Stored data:
•••
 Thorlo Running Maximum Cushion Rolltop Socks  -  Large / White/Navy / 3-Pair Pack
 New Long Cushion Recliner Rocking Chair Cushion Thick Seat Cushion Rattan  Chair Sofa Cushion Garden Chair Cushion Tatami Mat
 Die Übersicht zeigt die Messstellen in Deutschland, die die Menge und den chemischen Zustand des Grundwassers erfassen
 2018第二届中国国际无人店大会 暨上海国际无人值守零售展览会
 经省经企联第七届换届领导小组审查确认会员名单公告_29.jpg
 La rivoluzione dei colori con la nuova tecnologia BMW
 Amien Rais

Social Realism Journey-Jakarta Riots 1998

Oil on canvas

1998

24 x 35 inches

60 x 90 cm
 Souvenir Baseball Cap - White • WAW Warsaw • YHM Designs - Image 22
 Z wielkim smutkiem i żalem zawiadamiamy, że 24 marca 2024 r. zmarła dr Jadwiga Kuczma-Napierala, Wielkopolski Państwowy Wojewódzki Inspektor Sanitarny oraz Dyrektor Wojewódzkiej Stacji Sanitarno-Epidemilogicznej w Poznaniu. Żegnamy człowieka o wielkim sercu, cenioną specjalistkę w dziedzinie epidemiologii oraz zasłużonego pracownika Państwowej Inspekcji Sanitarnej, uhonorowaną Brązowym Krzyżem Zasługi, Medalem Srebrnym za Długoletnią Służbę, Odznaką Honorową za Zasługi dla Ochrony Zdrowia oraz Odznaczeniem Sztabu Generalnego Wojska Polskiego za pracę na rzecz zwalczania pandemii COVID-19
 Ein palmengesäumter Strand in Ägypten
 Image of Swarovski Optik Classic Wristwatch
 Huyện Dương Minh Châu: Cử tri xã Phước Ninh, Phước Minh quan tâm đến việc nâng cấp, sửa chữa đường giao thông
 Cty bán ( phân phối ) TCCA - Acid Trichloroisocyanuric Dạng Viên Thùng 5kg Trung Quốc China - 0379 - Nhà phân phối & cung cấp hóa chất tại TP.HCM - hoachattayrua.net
•••
Produce an exact repeat of the lines from the one containing "Ein palmengesäumter Strand in Ägypten" through the last line of the data, and nothing more.

 Ein palmengesäumter Strand in Ägypten
 Image of Swarovski Optik Classic Wristwatch
 Huyện Dương Minh Châu: Cử tri xã Phước Ninh, Phước Minh quan tâm đến việc nâng cấp, sửa chữa đường giao thông
 Cty bán ( phân phối ) TCCA - Acid Trichloroisocyanuric Dạng Viên Thùng 5kg Trung Quốc China - 0379 - Nhà phân phối & cung cấp hóa chất tại TP.HCM - hoachattayrua.net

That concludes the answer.